# industry yard and track planning



## NorthwestGarrattGuy (Oct 18, 2021)

i want have a brewery on my layout but we need a dogbone too how does one design a compact yard for a piko brewery
Note my layout is not yet built


----------



## Exador (Jan 24, 2020)

Too me, a brewery would be using a spur rather than a yard. Could be back in or thru traffic. The Piko brewery doesn't have doors or a dock in the back, the logical place to run the spur. Of course these could be added. Looking at the kit, I might make some casting molds from the walls. Could come in handy later. Very nice detail.


----------



## NorthwestGarrattGuy (Oct 18, 2021)

Exador said:


> Too me, a brewery would be using a spur rather than a yard. Could be back in or thru traffic. The Piko brewery doesn't have doors or a dock in the back, the logical place to run the spur. Of course these could be added. Looking at the kit, I might make some casting molds from the walls. Could come in handy later. Very nice detail.
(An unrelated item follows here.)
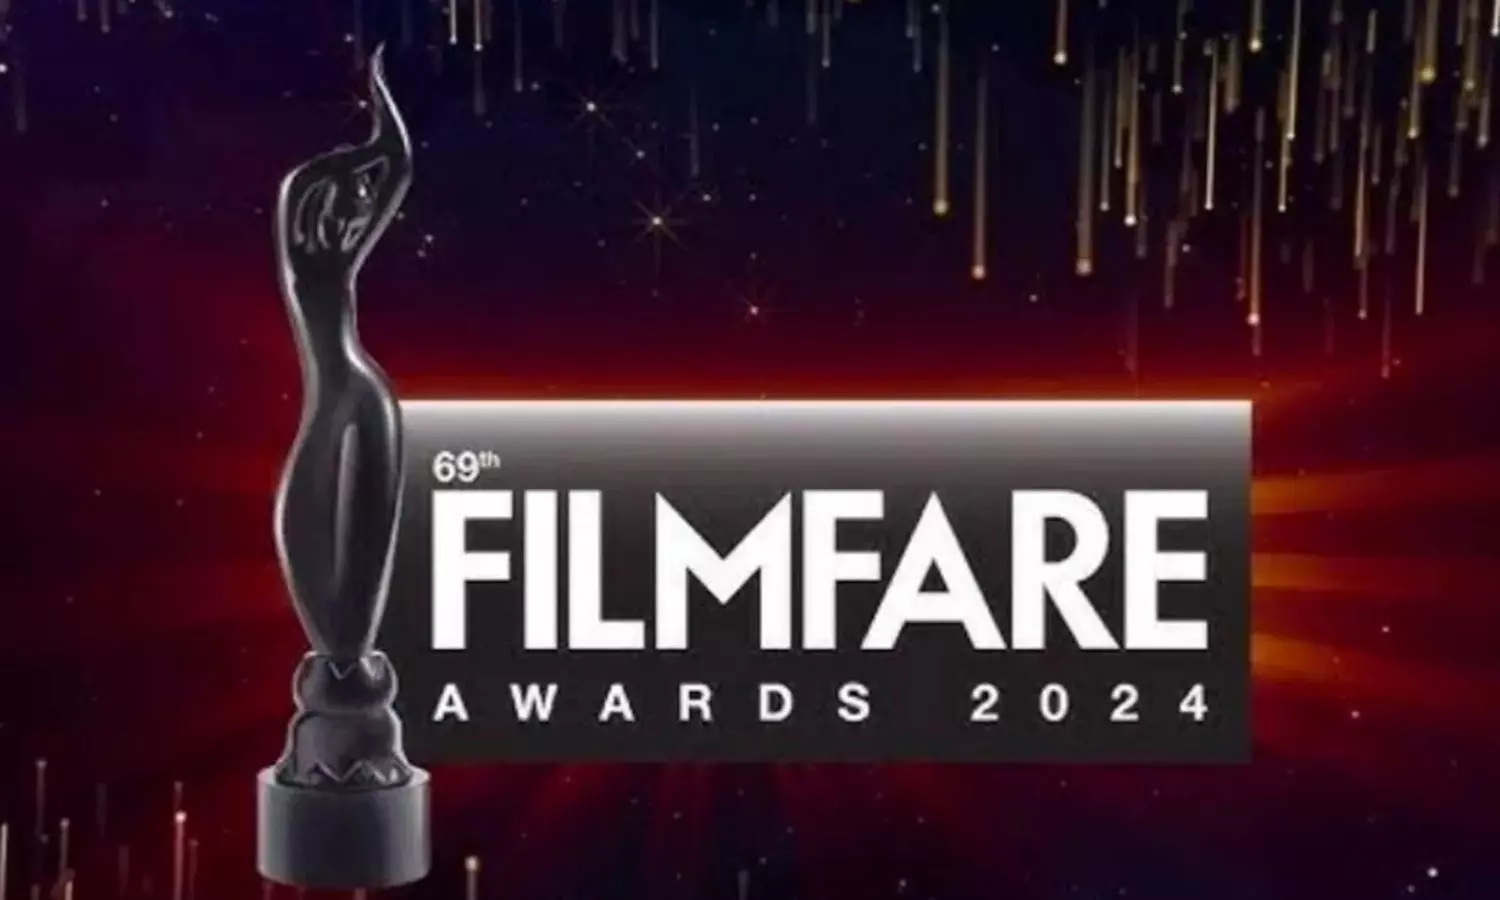 69th Filmfare Awards 2024 में इन ब्लॉकबस्टर फिल्मों ने बनाई जगह, यहां देखें लिस्ट

ok that makes sense i just need to know if i can fit some tracks for switching inside or around the big reversing loop


----------



## Greg Elmassian (Jan 3, 2008)

All depends on the size of the brewery, but even Coors in Colorado does not have more than a few tracks.

Why not get on Google maps, and look at the tracks around some breweries? Looks like 2 tracks would work, track to hold incoming empties, and track to hold cars are they are filled and getting ready to be taken away.









Google Maps


Find local businesses, view maps and get driving directions in Google Maps.




goo.gl





The brewery is the big white building.

Greg


----------



## NorthwestGarrattGuy (Oct 18, 2021)

Greg Elmassian said:


> All depends on the size of the brewery, but even Coors in Colorado does not have more than a few tracks.
> 
> Why not get on Google maps, and look at the tracks around some breweries? Looks like 2 tracks would work, track to hold incoming empties, and track to hold cars are they are filled and getting ready to be taken away.
> 
> ...


ok i was thinking 2 or 3 tracks but the real issue is that i have very limited space for building industries since our yard is is on the edge of a small hill and a lot levaling would have to be done i think i can something done though


----------



## Greg Elmassian (Jan 3, 2008)

if you see the buildings from only one side, they can be shallow, like a facade.


----------



## NorthwestGarrattGuy (Oct 18, 2021)

Greg Elmassian said:


> if you see the buildings from only one side, they can be shallow, like a facade.


well that would work except the garden railroad would be visable from both sides


----------



## Greg Elmassian (Jan 3, 2008)

That's why I started with "if"... so maybe making structures that straddle the tracks, and don't take so much "ground space"?


----------



## NorthwestGarrattGuy (Oct 18, 2021)

Greg Elmassian said:


> That's why I started with "if"... so maybe making structures that straddle the tracks, and don't take so much "ground space"?


Ok and i can level some space just not sure if the whole brewery can fit anyway i haven't been able to get exact measurements because of some snow


----------



## NorthwestGarrattGuy (Oct 18, 2021)

Greg Elmassian said:


> That's why I started with "if"... so maybe making structures that straddle the tracks, and don't take so much "ground space"?


change of plans i can't make that part of the layout until june or july not april


----------